Поскольку Ларион никогда не делал Марии официальных предложений, она не заводила разговора на эту тему. Хотя в отличие от многих ее подруг, для нее это имело значение. Во-первых, она очень любила Лариона, а во-вторых, Мария была обычной женщиной с традиционными взглядами. Больше всего на свете ей хотелось иметь нормальную семью и детей от Лариона. Но она чувствовала, что Лариону этого мало, он принадлежал к тому типу людей, которые находятся в состоянии вечного поиска, а с такими сложно создать нормальную семью. Марии оставалось только терпеть и надеяться. Тем временем партнеры Лариона по бизнесу заинтересовались программой продления жизни и предложили ему принять в ней участие. У самого Лариона была лишь небольшая доля в бизнес-проекте, а посему партнеры предложили оплатить курс в медицинском центре Международной программы «Жизнь», так как не хотели сами рисковать, а кроме того, рассчитывали получить дополнительные доходы от рекламной кампании – они надеялись, что образ долгожителя в их предприятии привлечет больше клиентов. При этом Ларион брал на себя обязательство постепенно вернуть те деньги, которые были заплачены за его участие в эксперименте по продлению жизни.

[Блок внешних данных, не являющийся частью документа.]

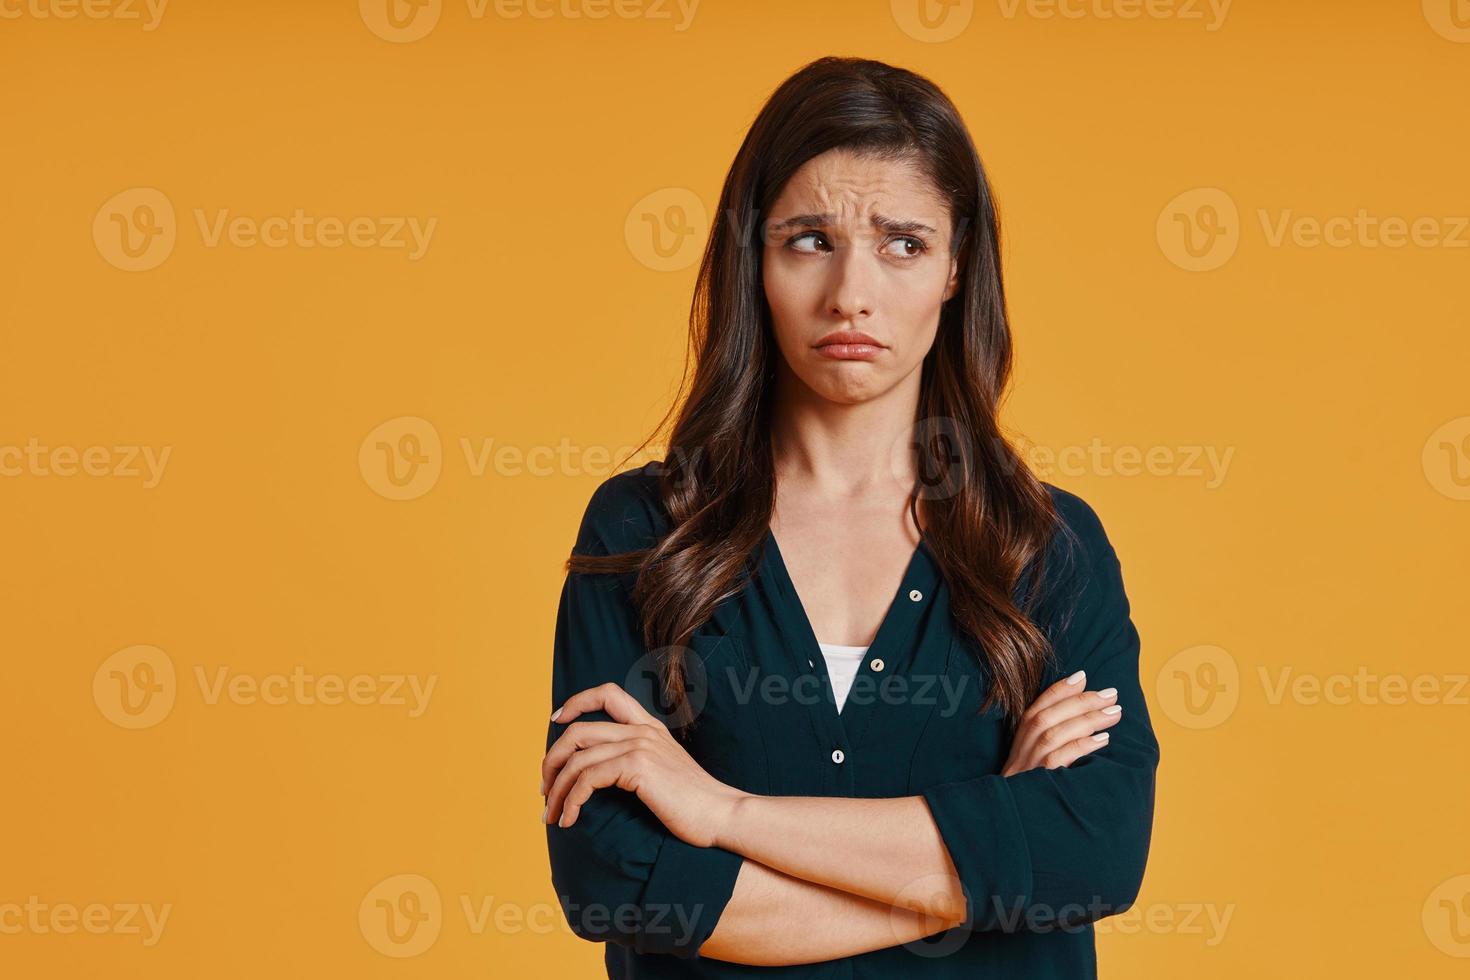 jovem triste em roupas casuais, fazendo uma careta em pé contra um fundo amarelo foto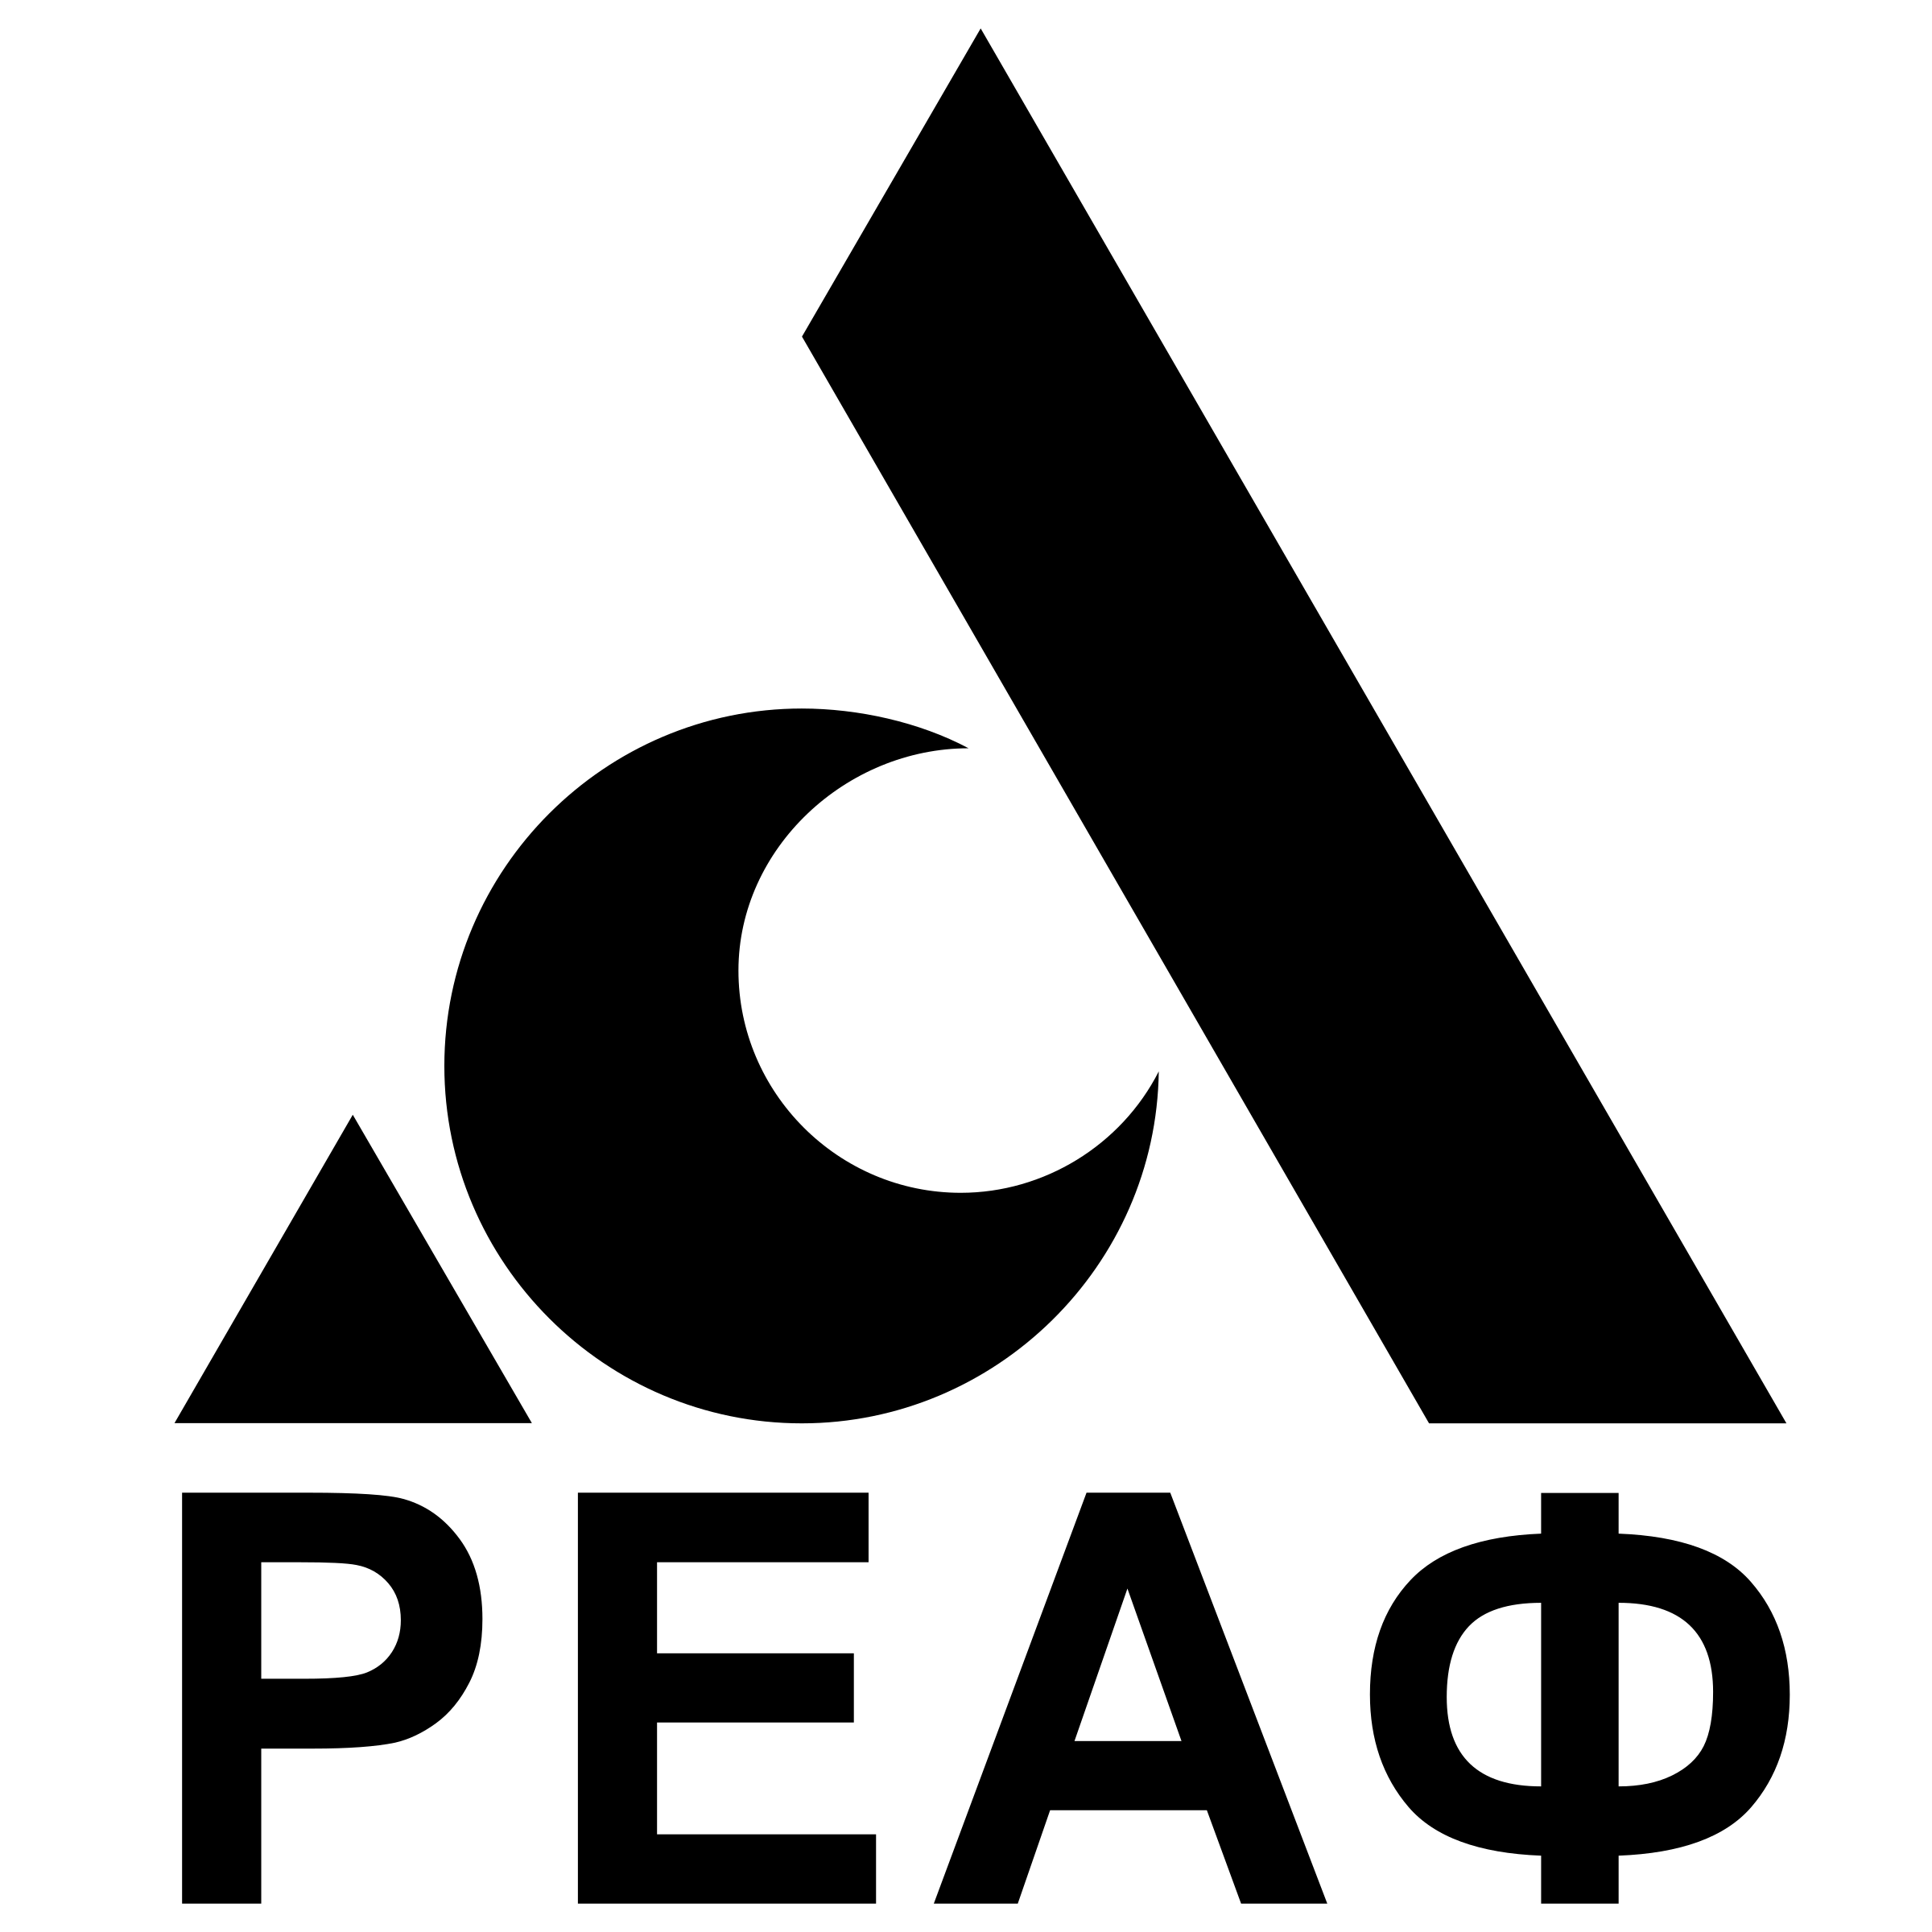 Reaf Logo - Reaf Logo PNG Transparent & SVG Vector - Freebie Supply

Единственное, что Мария довольно быстро и ясно осознала – и это вселяло в нее одновременно и надежду и отчаяние, – что Ларион не любит эту девушку, эту Сагиду. Мария остро ощущала это своим чутьем любящей женщины. Но почему же тогда, почему Ларион был так холоден с ней, так отстранялся, так явно хотел побыстрее избавиться от ее присутствия? Наверняка это как-то связано с этим экспериментом по продлению жизни…, возможно, все они превращаются в волков, одиноко бродящих по окраинам жизни и избегающих встреч с простыми живыми существами…

В сумятице этих размышлений Мария остановилась перед дверью небольшого кафе и решила, что бокал вина и чашка кофе помогут ей отвлечься от грустных мыслей. В кафе было полно свободных столиков – Мария выбрала один в тихом углу. Она сняла пальто, положила рядом сумку и ткнула пальцем в сетевой экран, нависший над столом. На экране появилась информация о местной кухне, винах и местах, где можно остановиться на пару дней, чтобы подышать благотворным морским воздухом. Через пару минут у столика возник официант, явный биокон, судя по его короткой шее, и Мария заказала бокал вина и закуску. Пока она ожидала свой заказ, с экрана на нее обрушились потоки последних новостей: иммигранты из Великобритании продолжают прибывать в Абиссинию, местные власти вводят систему квот и ужесточают правила получения виз; голландский парламент потребовал от правительства страны немедленно закрыть медицинский центр МПЖ в Утрехте и начать расследование летального случая с одним из пациентов; белорусские фермеры объявили об успешном завершении эксперимента по выведению искусственных свиней…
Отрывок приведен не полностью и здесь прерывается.